Data excerpt →
□ □ □ □

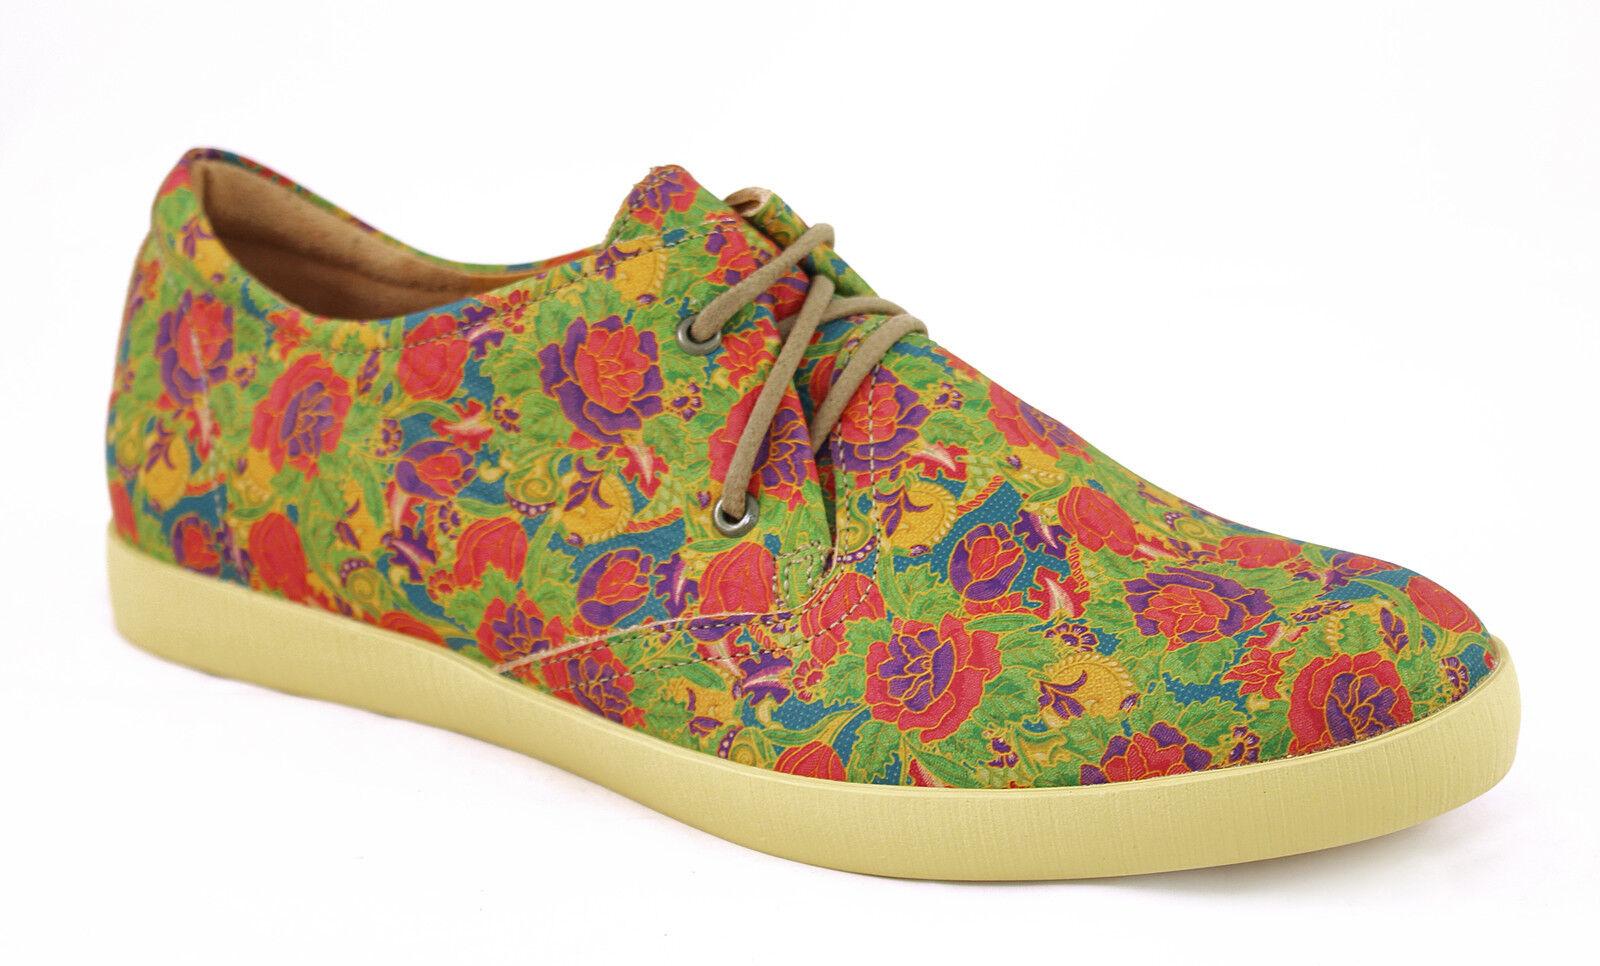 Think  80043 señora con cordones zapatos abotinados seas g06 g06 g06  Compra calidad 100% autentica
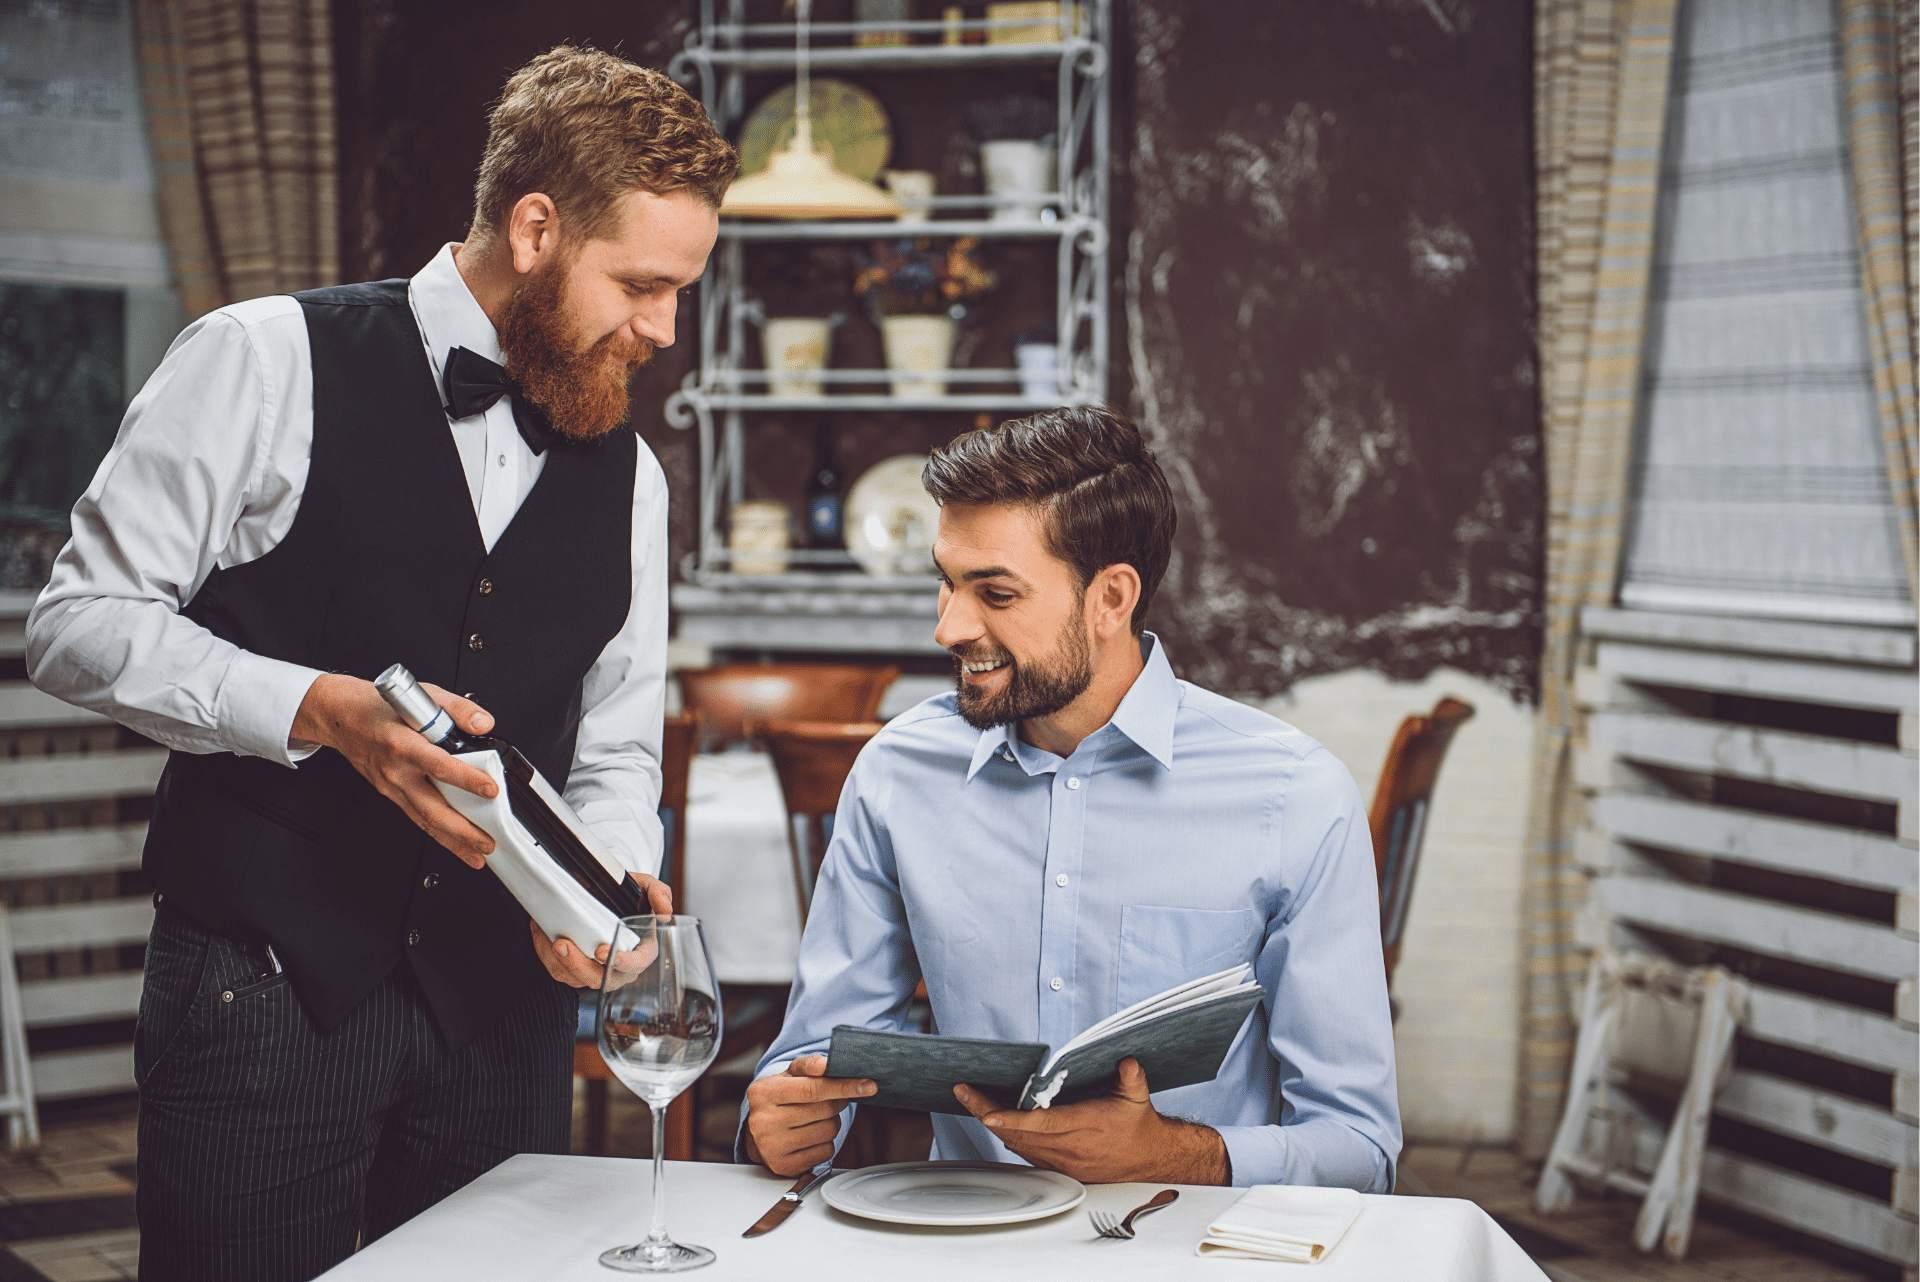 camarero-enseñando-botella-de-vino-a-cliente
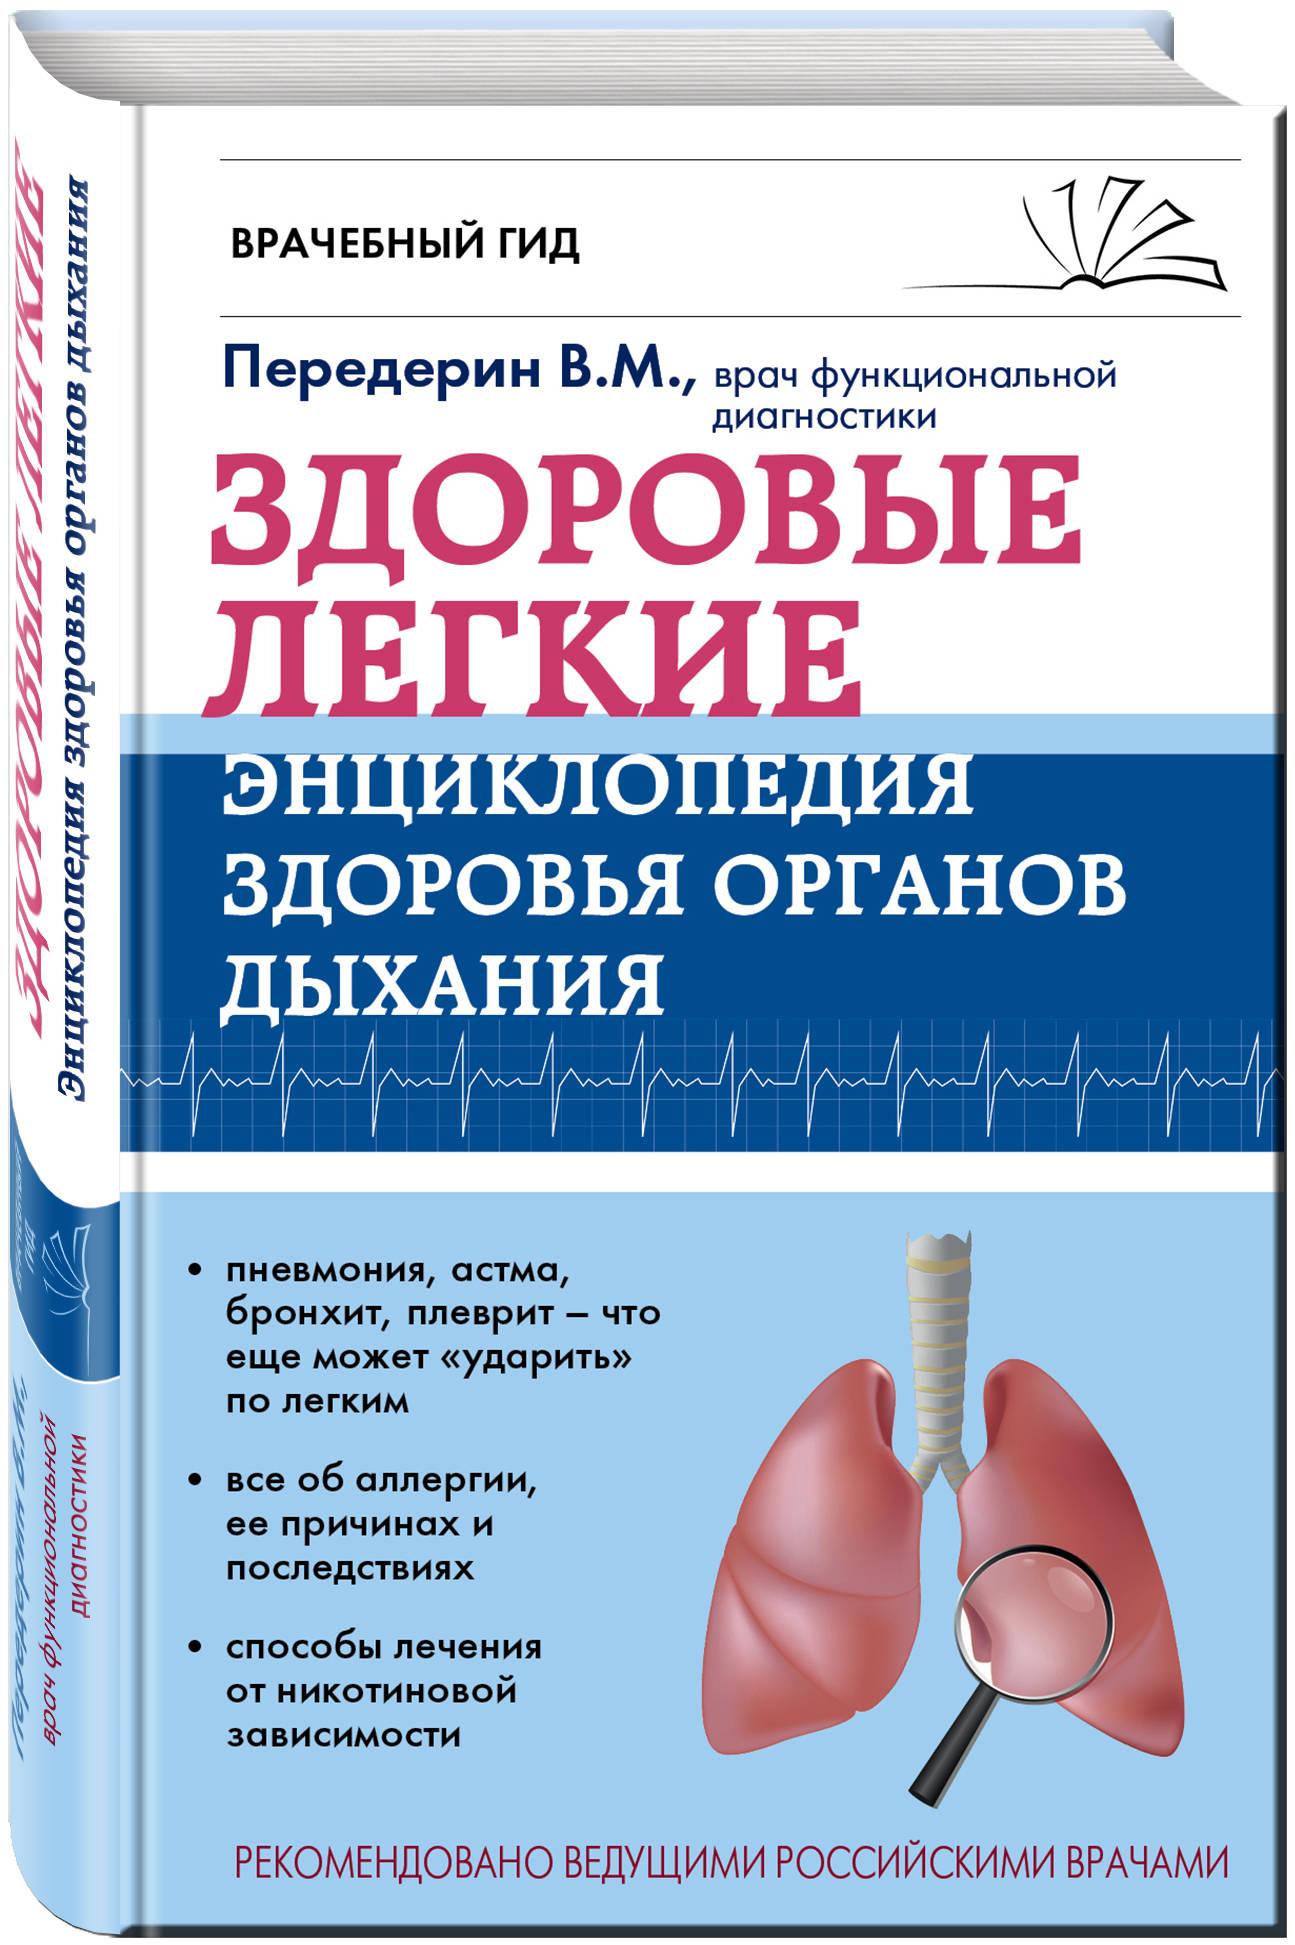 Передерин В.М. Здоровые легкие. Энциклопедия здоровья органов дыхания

□ □ □ □

Exercise description →
Repeat the material above exactly; pictures do not belong in the copy.

Response to this exercise →
 Think  80043 señora con cordones zapatos abotinados seas g06 g06 g06  Compra calidad 100% autentica
 camarero-enseñando-botella-de-vino-a-cliente
 Передерин В.М. Здоровые легкие. Энциклопедия здоровья органов дыхания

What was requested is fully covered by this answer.